Payday had been a tense day for Celia Heywood, the vice president of sales solutions for Bank of America Merchant Services. Salespeople would complain to her when they felt they’d been shorted on their commissions, resulting in “hours of angry phone calls,” she said.
Once Merchant Services switched to automated SaaS-delivered software, phone calls became more pleasant.
Merchant Services, which markets services to businesses that accept BofA payment cards, is one of a number of companies that have embraced sales performance management software that keeps track of compensation and incentive payments for employees, primarily sales people. The software handles the complexity of various compensation factors with fewer errors than spreadsheet applications and dramatically reduces the number of payment disputes.
Heywood was attending the CompCloud 2012 user conference in San Francisco. It was put on by Xactly, which delivers compensation and incentive management tools using a SaaS delivery model. One product, Xactly Incent, for enterprises, is hosted by Xactly using a private cloud. The other product, Xactly Express, for small and midsize businesses, is built on the Force.com platform and delivered by Salesforce.com.
Xactly aims to take the complexity out of managing compensation systems, which are dynamic, multifaceted and prone to error, said Christopher Cabrera, founder and CEO.
At a large company, one sales contract can involve paying commissions and incentives to several employees, each getting different compensation, while at the same time, multiple products in the order may have different incentives. Incentives can also change month to month as the company pushes some products over others. Manual compensation calculations using a spreadsheet program such as Microsoft Excel or a database management program such as Microsoft Access can easily cause mistakes, Cabrera said.
“If, God forbid, changes get made, and midway through the year the company changes the rate on some products, because of the manual nature of it, it becomes very error prone,” he said.
A December 2011 report by Ventana Research revealed that 52 percent of sales organizations surveyed use desktop spreadsheets to calculate compensation, but that 49 percent said those spreadsheets make it difficult to manage sales efficiently. Sales force automation software helps, and its adoption rate has grown to 67 percent in 2011, from 42 percent in a similar survey in 2008. But these applications have their limitations.

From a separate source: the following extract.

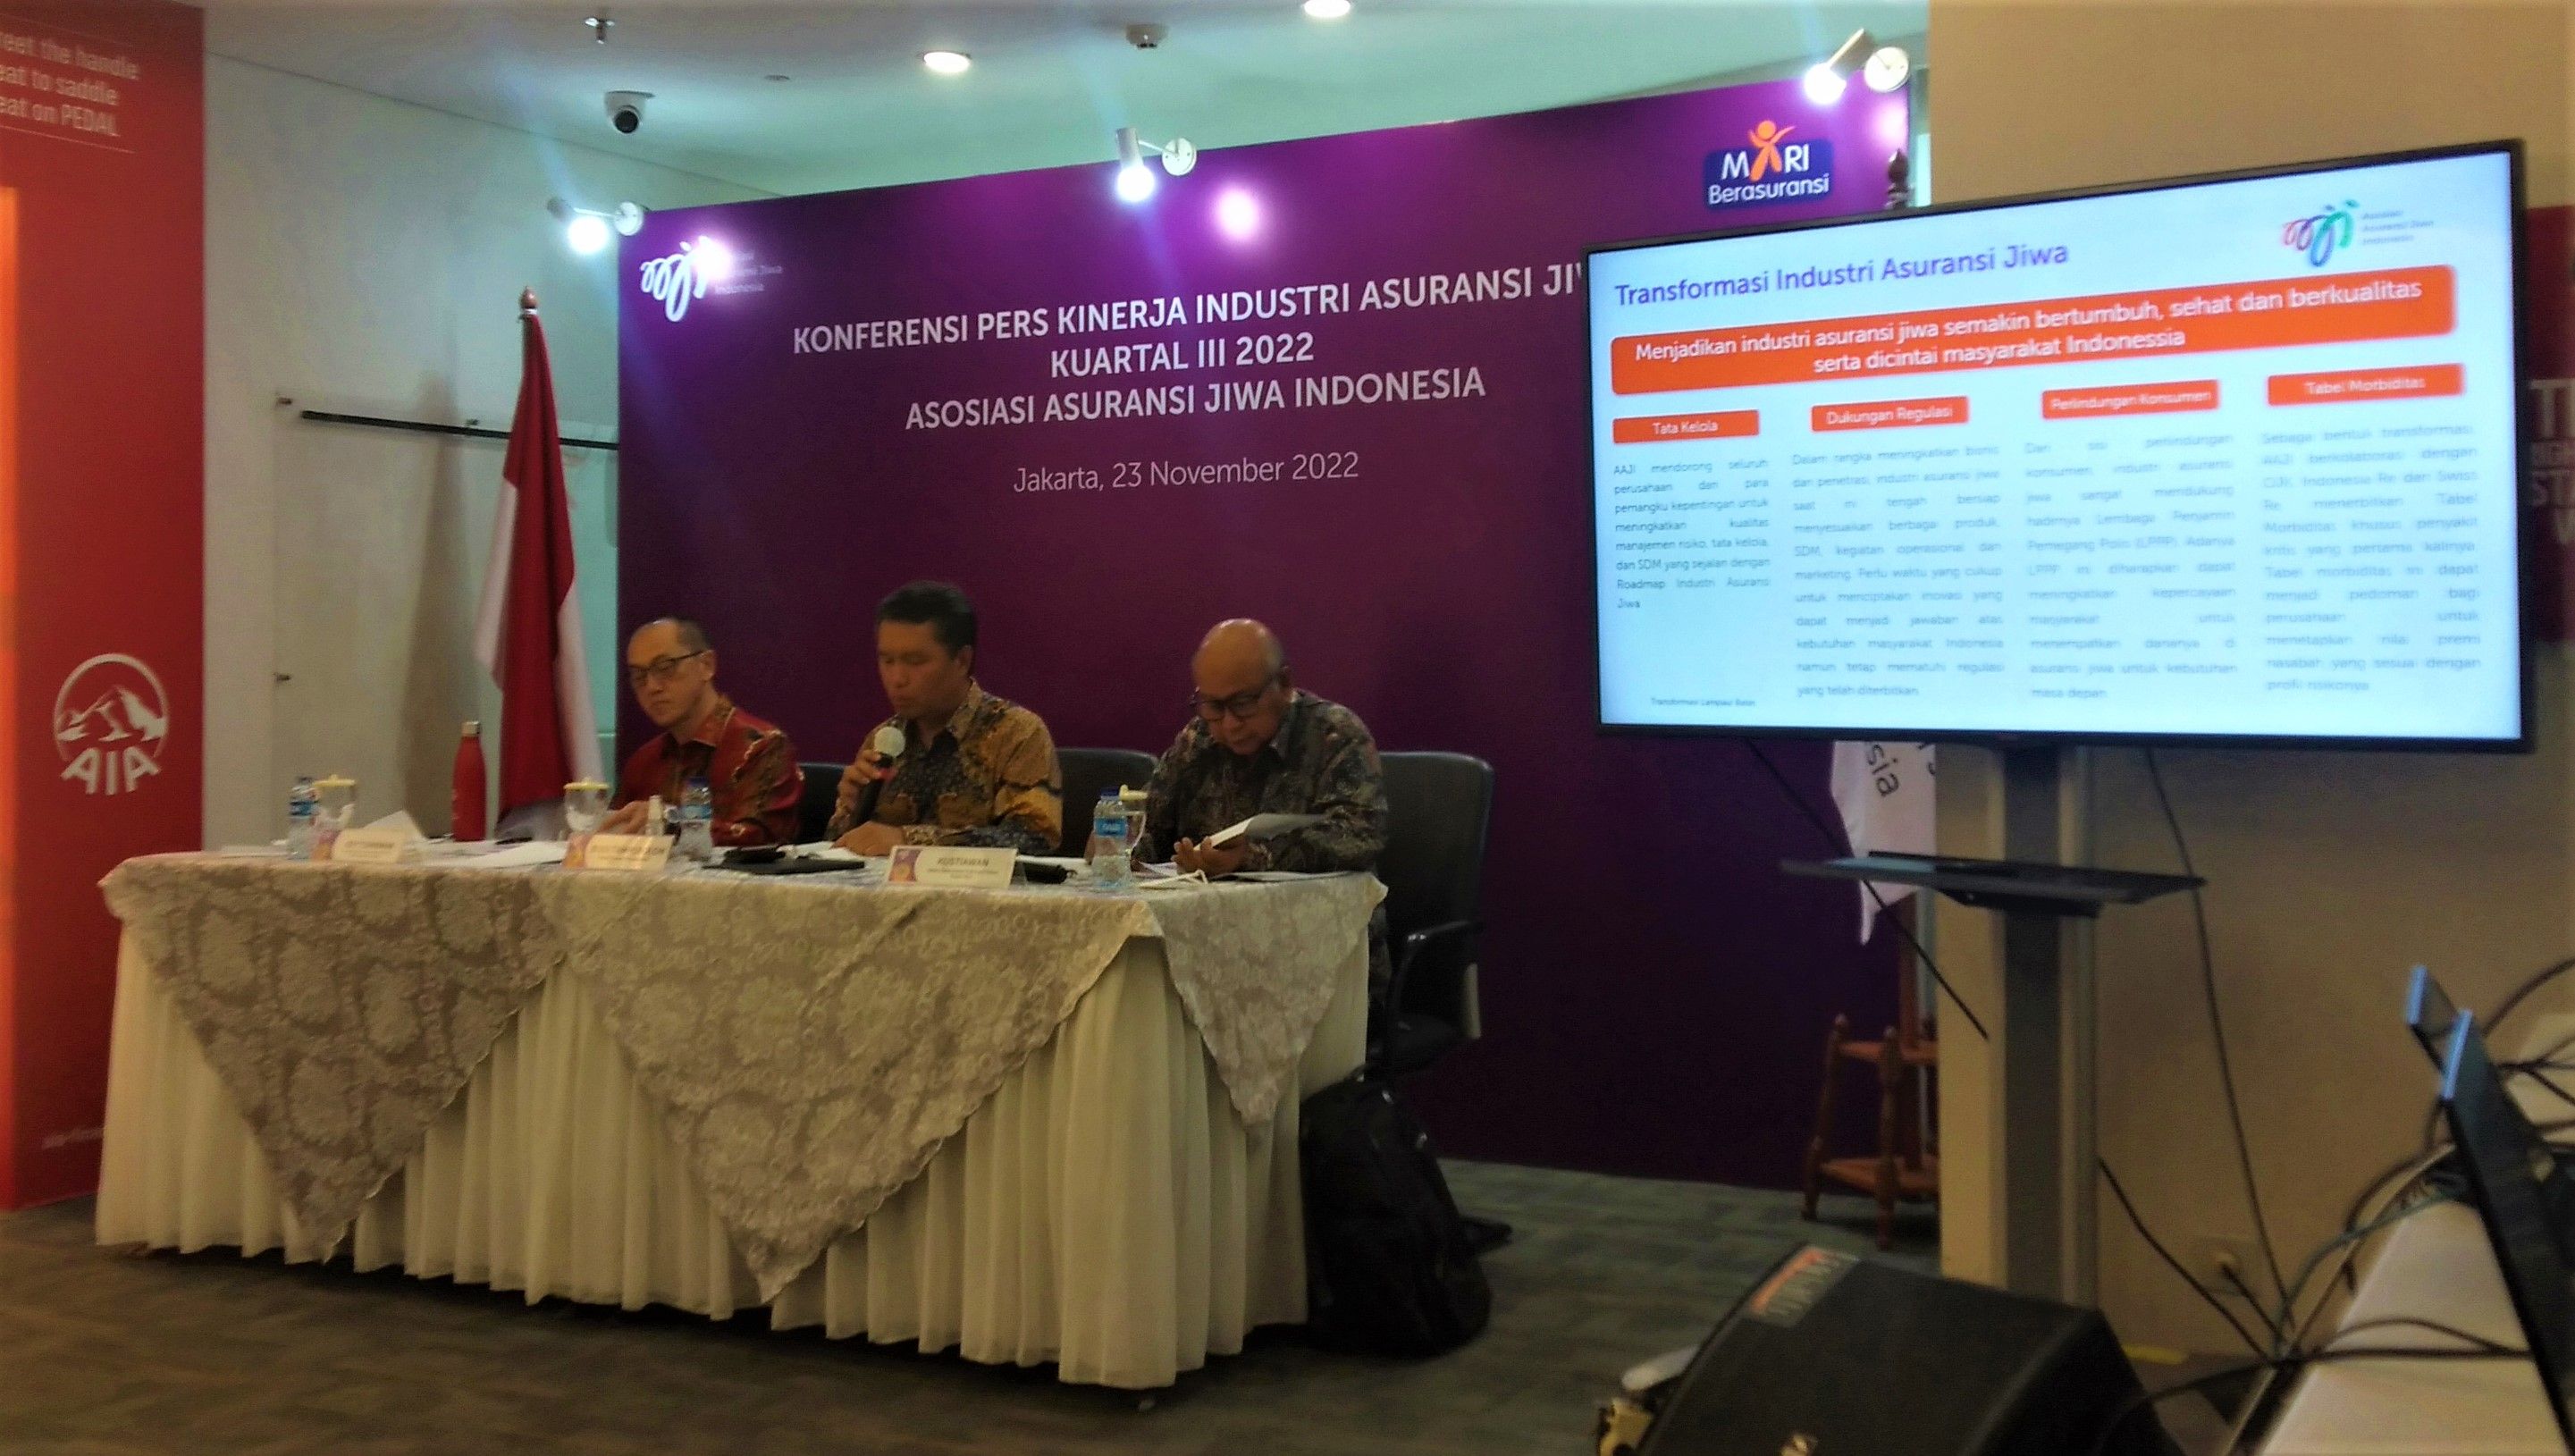 Konferensi Pers Kinerja Kuartal III-2022 Asosiasi Asuransi Jiwa Indonesia (AAJI) di Jakarta, Rabu, 23 November 2022.

“We do not believe they alone are sufficient to handle the growing complexity of sales operations or address sales performance management,” Ventana wrote. Full disclosure: Xactly funded the report, but Ventana says it wrote and edited it independently from its sponsor.
The Xactly software tracks compensation for each employee on each of their closed sales. Administrators have their own dashboard to see the compensation of all the employees they manage while individual sales people can see only their own compensation. Another feature lets sales people see what their compensation would be on a pending deal as an incentive to close it, what one customer called the “Show me the money button.”
Before he founded Xactly seven years ago, Cabrera worked at another sales performance management software company called Callidus, which at the time sold only on-premise software. It has since rebranded itself as CallidusCloud and sells both on-premise and cloud versions of its products. Two of its products are listed on Salesforce’s AppExchange, said Rajendran Nair, director of marketing. The publicly traded Callidus rang up sales of $84 million in 2011; Xactly is private.
Because of the complexity of designing the software and deploying it, major software vendors don’t offer sales performance management software of their own. Instead, companies such as Oracle, Microsoft and Salesforce partner with Xactly to sell its product to their customers.
“If they wanted to build an application like this, they would have,” said Brian Frank, vice president of global operations at LinkedIn, another Xactly customer. Even though LinkedIn is free to individuals, the company sells commercial services to businesses such as recruitment firms.
Switching to Xactly from a manual process at LinkedIn made sales people more productive because they stopped doing their own tracking of what they thought they were owed, Frank said.
“They spent hours with their own spreadsheets and their own calculators because basically they didn’t trust the company,” he said. “Now, my sales people are happy.”